Multi-Expandable Cages for Minimally Invasive Posterior/Tranforaminal Lumbar Interbody Fusion—A Preliminary Report

Presented at SMISS Annual Forum 2016
By Jeffrey Coe MD
With Donald Kucharzyk DO, Kornelis Poelstra MD, PhD, Joshua Ammerman MD, Sandeep Kunwar MD,

Disclosures: Jeffrey Coe MD Donald Kucharzyk DO B; Life Spine, SeaSpine, Orthofix/Stryker, Medicrea, Biomet/Zimmer, Benvenue, Precision Spine, SurGenTec. C; Life Spine, Orthofix/Stryker, Precision Spine, Zyga, Biomet/Zimmer. F; Precision Spine, Kornelis Poelstra MD, PhD None, Joshua Ammerman MD A; Benvenue Medical., Sandeep Kunwar MD B; Benvenue Medical.,


A significant drawback of posterior/transforaminal lumbar interbody fusion (P/TLIF) is the smaller-sized cage (compared to ALIF/LLIF) that must be used because of the narrow access corridor. This shortcoming often limits placement of bone graft, potentially increasing risk of pseudarthrosis or cage subsidence/migration. Furthermore, degenerative conditions such as disc collapse and spondylolisthesis can make insertion of a static posterior cage challenging. 


The purpose of this study is to evaluate early clinical outcomes with a multi-dimensional expandable ~25 mm diameter footprint interbody device (MDE-IBD) that may be placed without impaction via a 6-8 mm cannula. 
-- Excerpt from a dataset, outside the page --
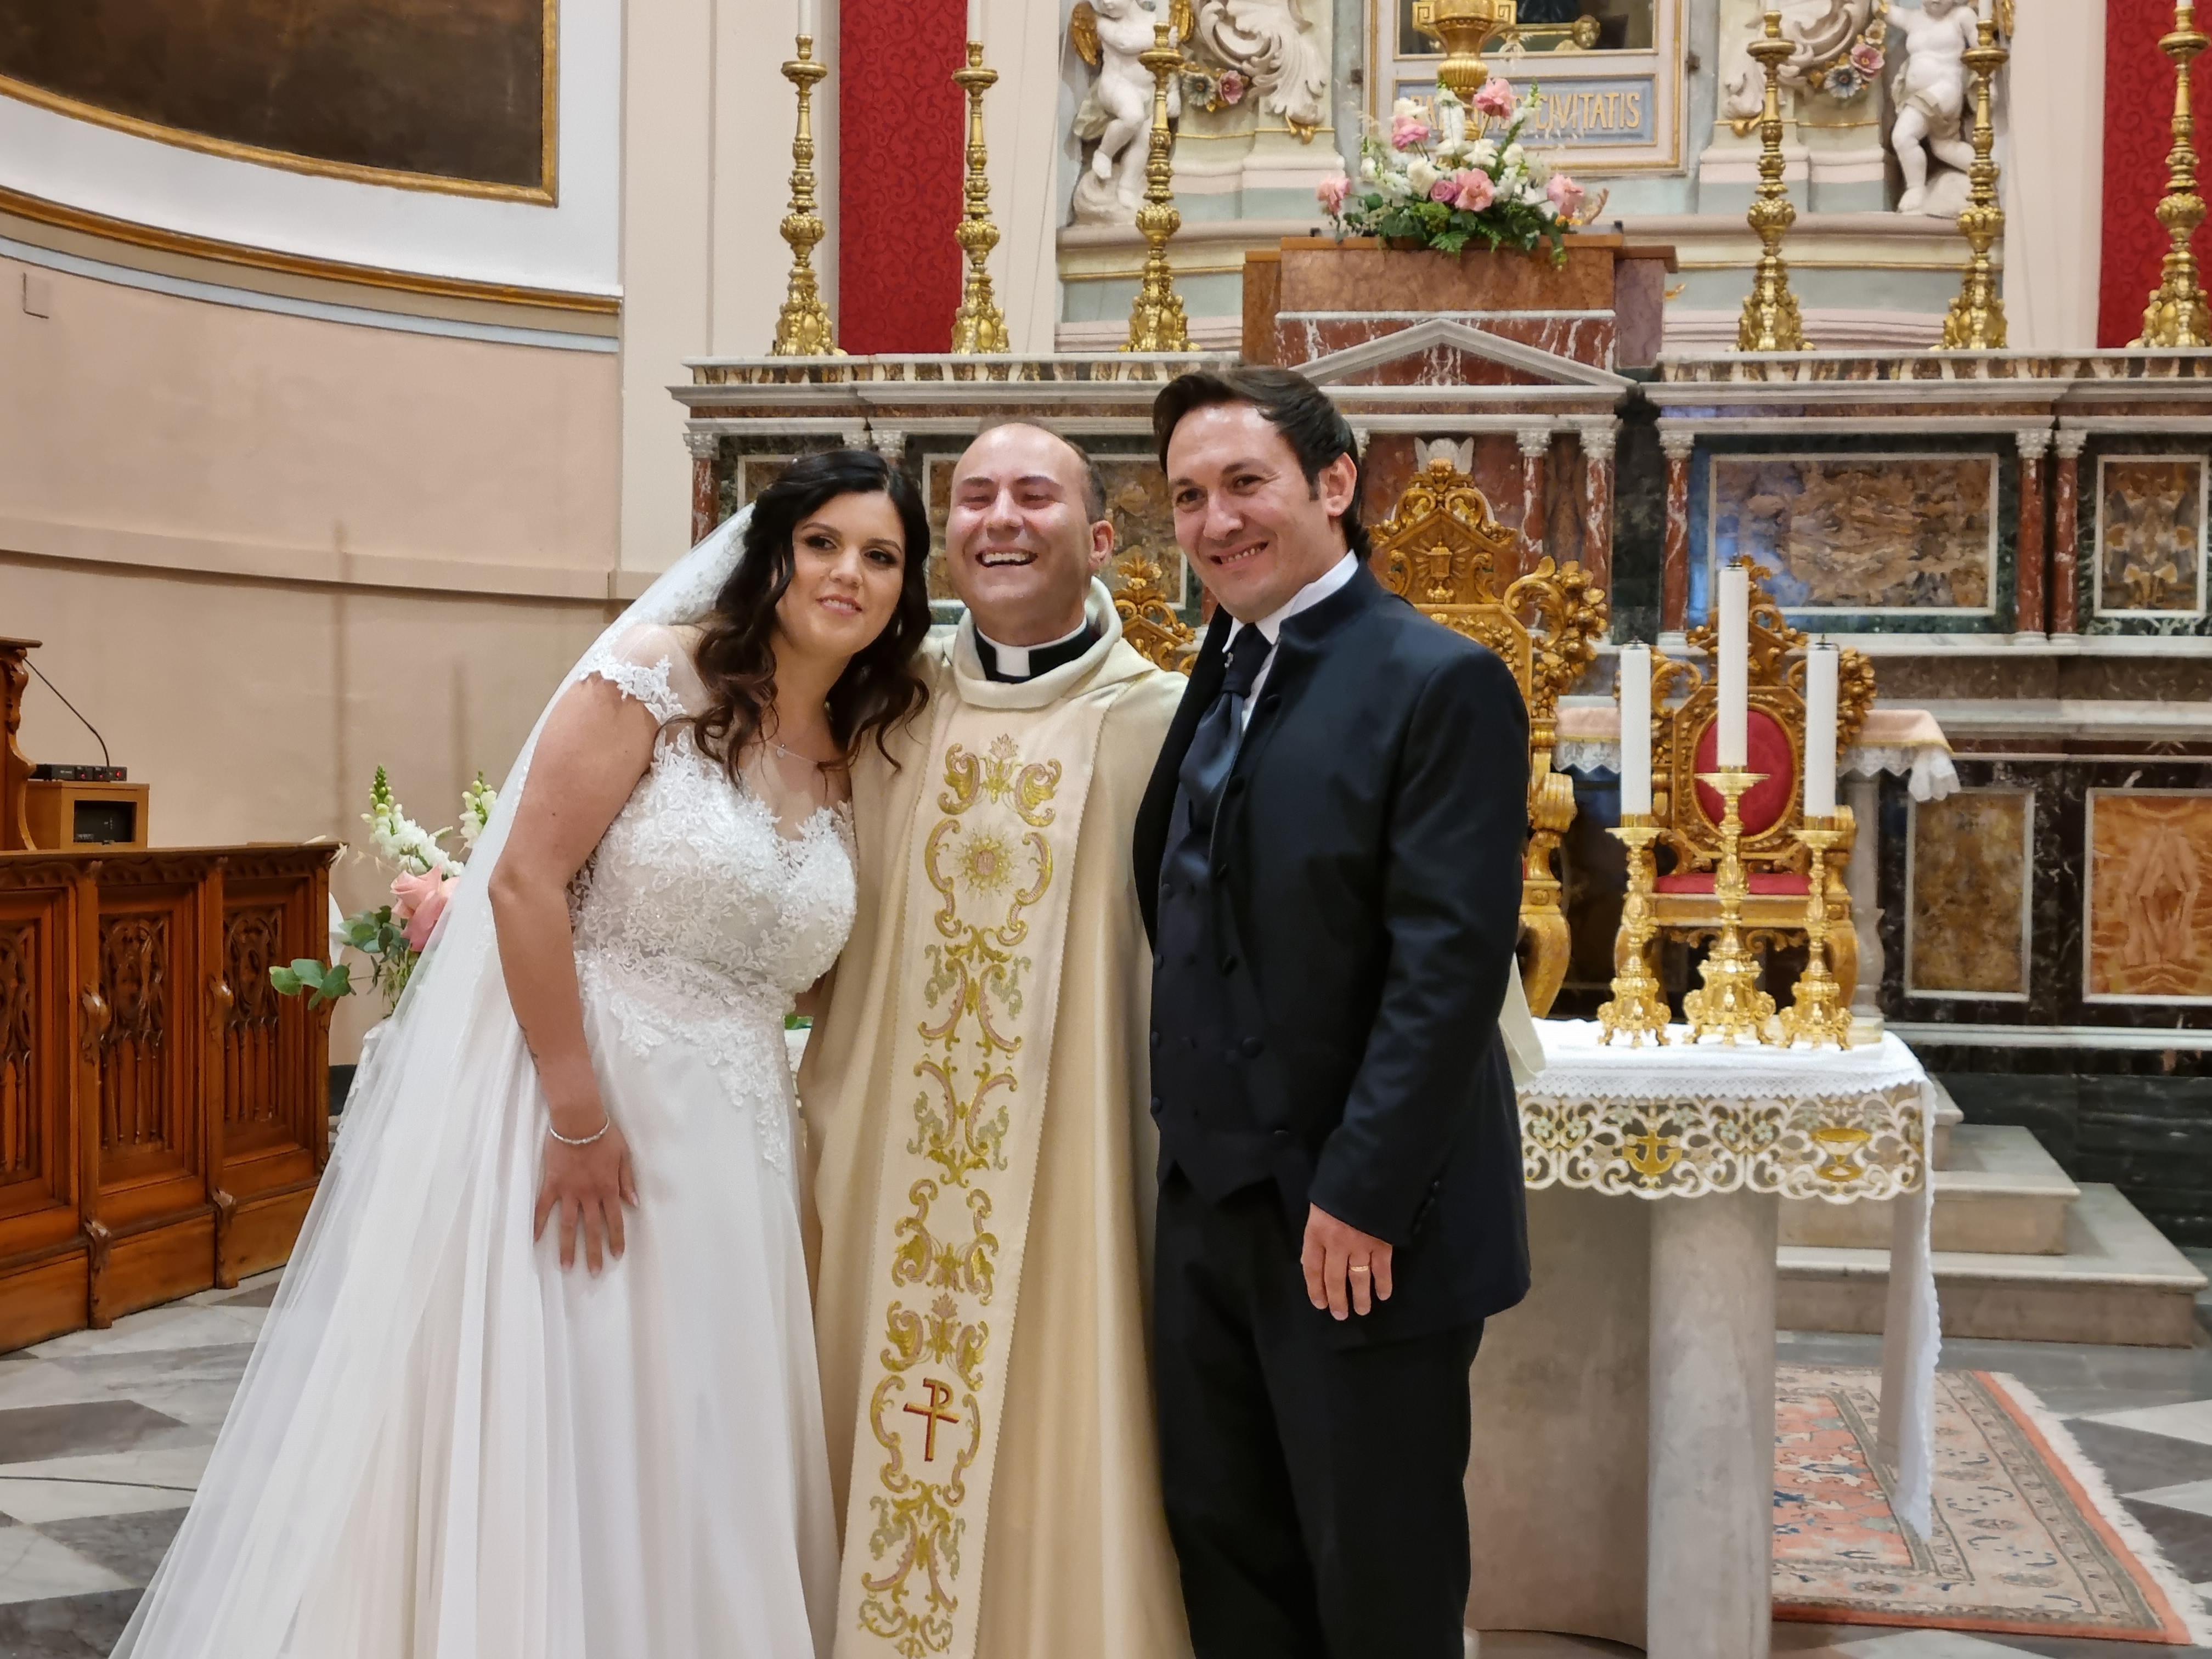 Consigliere di Rosolini festeggia 40esimo compleanno e nozze

A medical chart review study to evaluate a multi-center series having MDE-IBD P/TLIF was initiated by the authors and is currently ongoing. It was hypothesized that patients would demonstrate decreased pain and improved radiological findings.
All MDE-IBD were placed using minimally-invasive P/TLIF. 


To date, 30 patients (15 males; 30-81 years) with 6 month follow-up are included. Principal diagnoses included spinal stenosis (n=26), spondylolisthesis (n=18), radiculopathy (n=18) and herniated disc (n=13). Eighteen (60%) patients had a single-level procedure while the rest had multiple-level fusion, with the MDE-IBD placed at two levels or in conjunction with other fusion techniques. Complications included one small dural tear without CSF leak which required no repair; no neurologic or other complications were seen. At 6 months, back and leg pain were reduced, with MCID achieved by 90% of patients. In 11 patients with available ODI scores, 7 (64%) were improved >12 points. Radiculopathy was resolved in 21/22 patients and neurologic deficit in 13/17 (+3 improving) patients who presented with these conditions preoperatively. At the first postoperative visit (~2 weeks), 29 MDE-IBD levels showed improvements of 4.8±2.9 mm for average disc height and 4.5±8.7 degrees for local disc angle. Mean (±SD) change at 3 and 6 months, respectively, for average disc height were 4.2±2.7 mm and 5.6±3.5 mm, and for local disc angle were 3.6±3.7 degrees and 3.8±5.0 degrees. Regional lumbar lordosis was preserved (±10°) or improved (>10°) in 24/28 (86%) and 22/25 (88%) patients at 3 and 6 months, respectively. 


A key advantage of a multi-expandable cage is that an anterior-sized cage footprint can be delivered through a narrow posterior surgical corridor. Early experience with MDE-IBD in minimally-invasive P/TLIF is demonstrating encouraging outcomes, including absence of nerve retraction injuries and restoration of disc height and local disc angle along with preservation or restoration of regional lumbar lordosis.